Impact
Apple M1 GPUs retain register file data between compute shader dispatches from different processes, so a sandboxed Metal attacker can run a GPU reader shader that reads stale register values left by a separate sandboxed victim app. The attacker can recover the exact secret that the victim loaded into the registers, demonstrating a pure information‑disclosure weakness (CWE‑200). No code execution or privilege escalation is described, but the ability to read secrets across app boundaries constitutes a serious confidentiality breach.
Affected Systems
The flaw exists only on legacy Apple Silicon GPUs such as the original M1; current‑generation Apple Silicon has already corrected this hardware behavior.
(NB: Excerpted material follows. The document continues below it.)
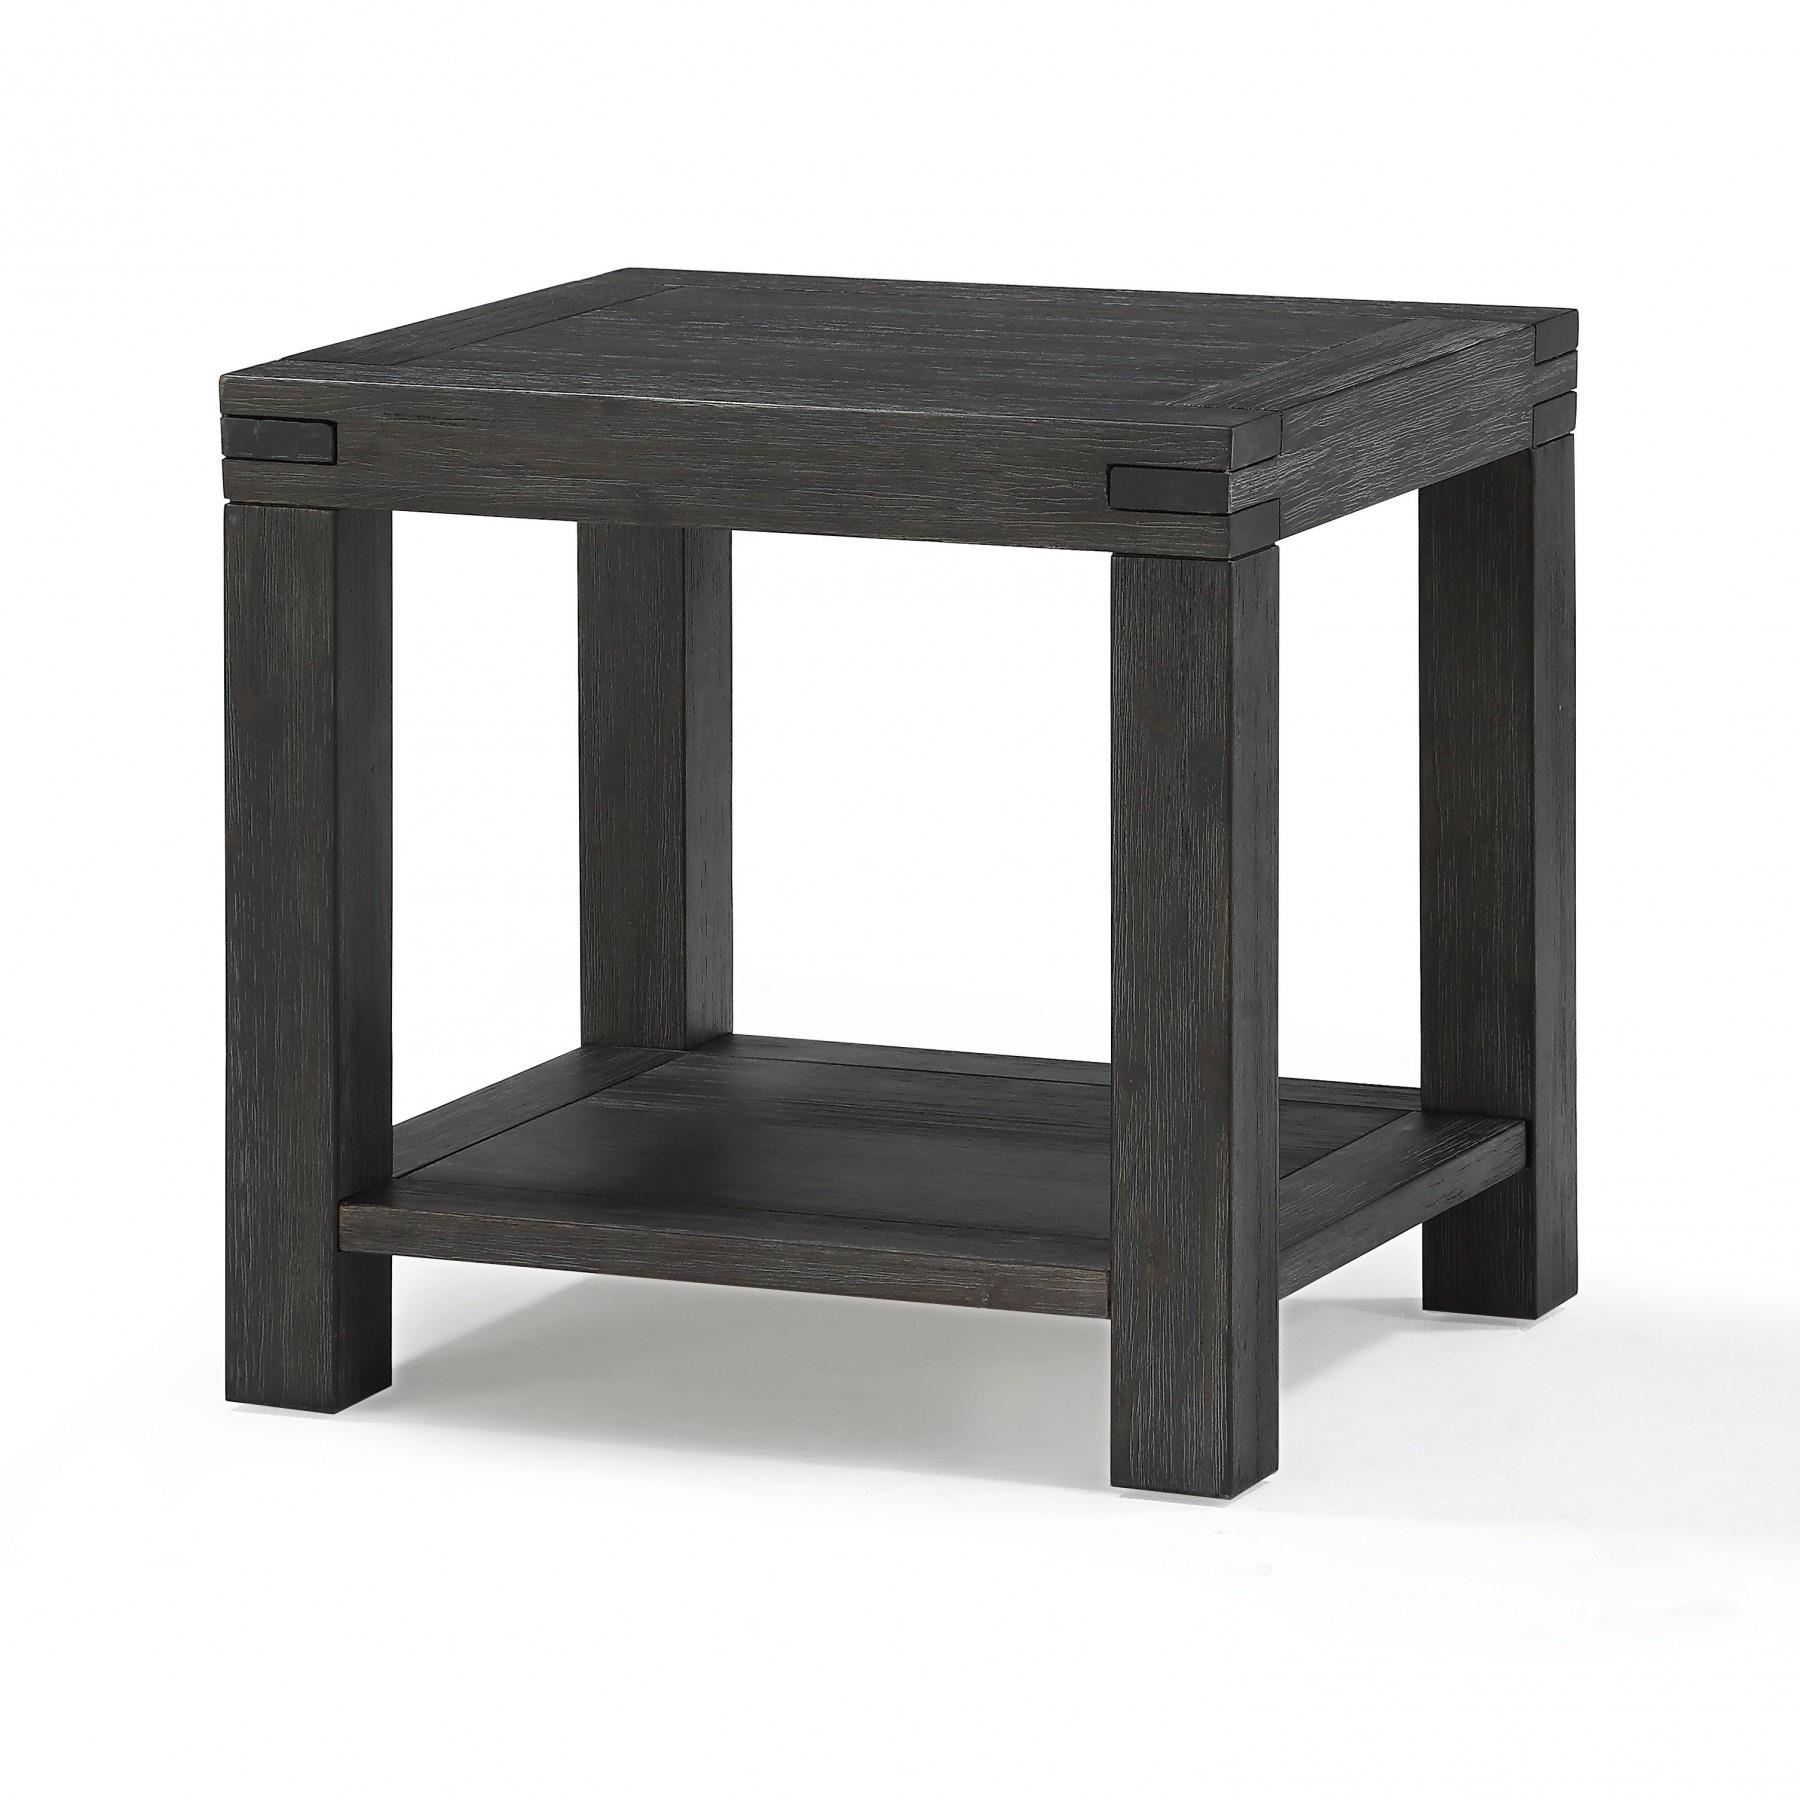 Rustic End Table MEADOW 3FT322 in Graphite 
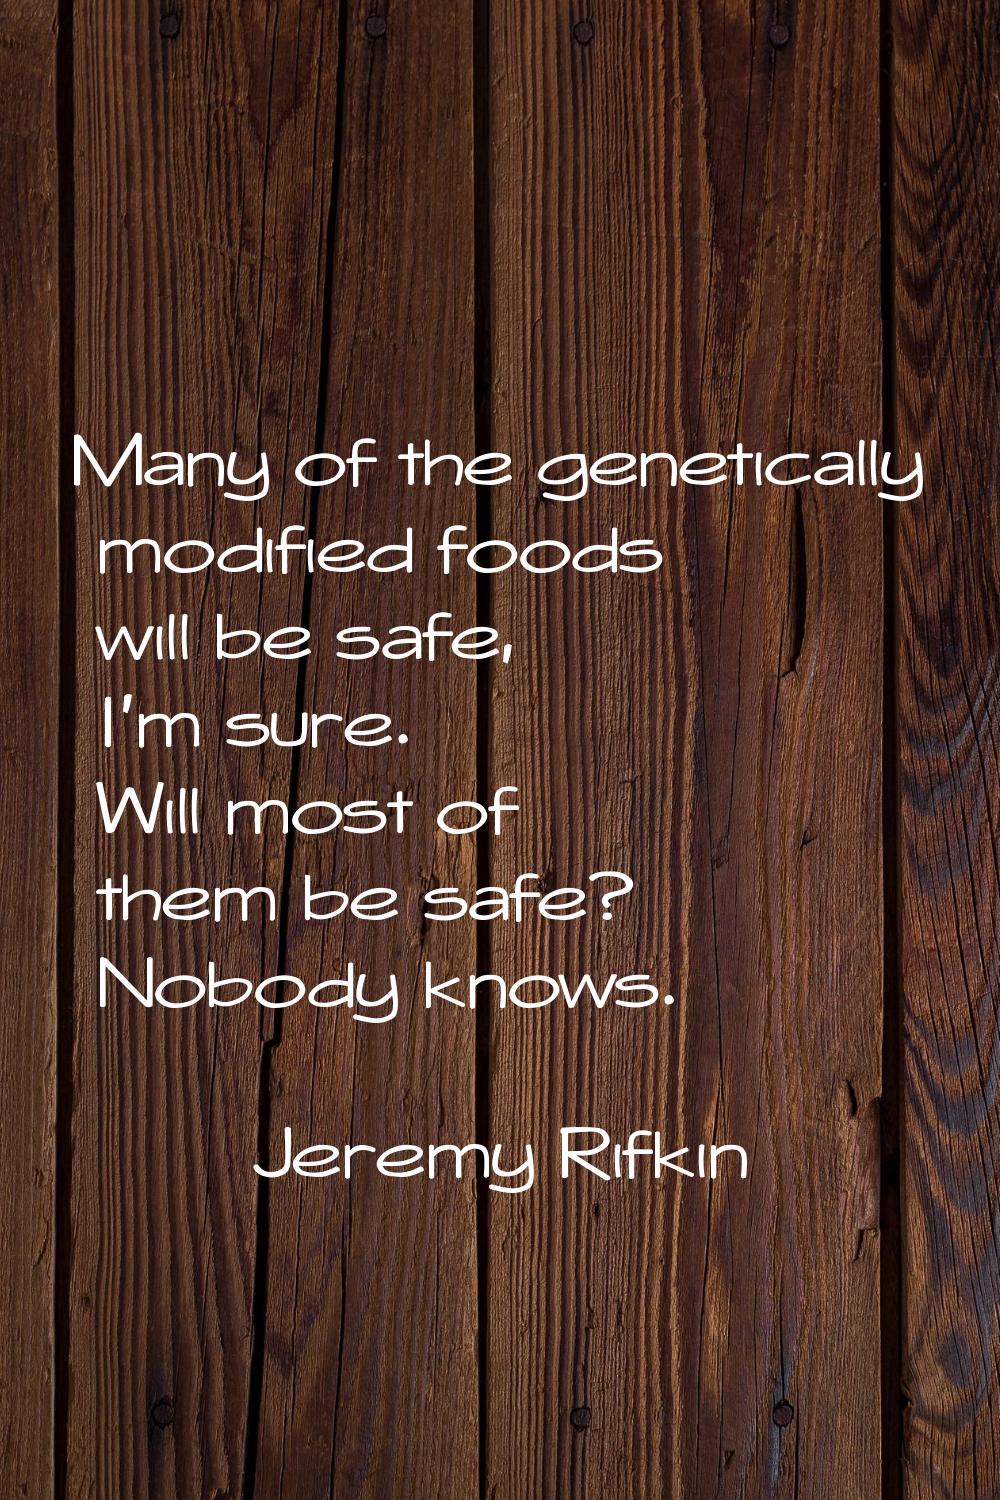 Many of the genetically modified foods will be safe, I'm sure. Will most of them be safe? Nobody kn

It impacts any sandboxed app that uses Metal on those older devices, but not devices beyond the original M1 line.
Risk and Exploitability
The EPSS score is not available and the vulnerability is not listed in CISA’s KEV catalog, so the exact chance of exploitation is unclear. Nevertheless, the proof‑of‑concept shows that any malicious Metal application on an affected device can recover secrets from other sandboxed apps, indicating a high confidentiality impact. The attack path requires only the presence of a second sandboxed app, making the barrier to exploitation relatively low for users of legacy Apple Silicon that store sensitive data in GPU registers.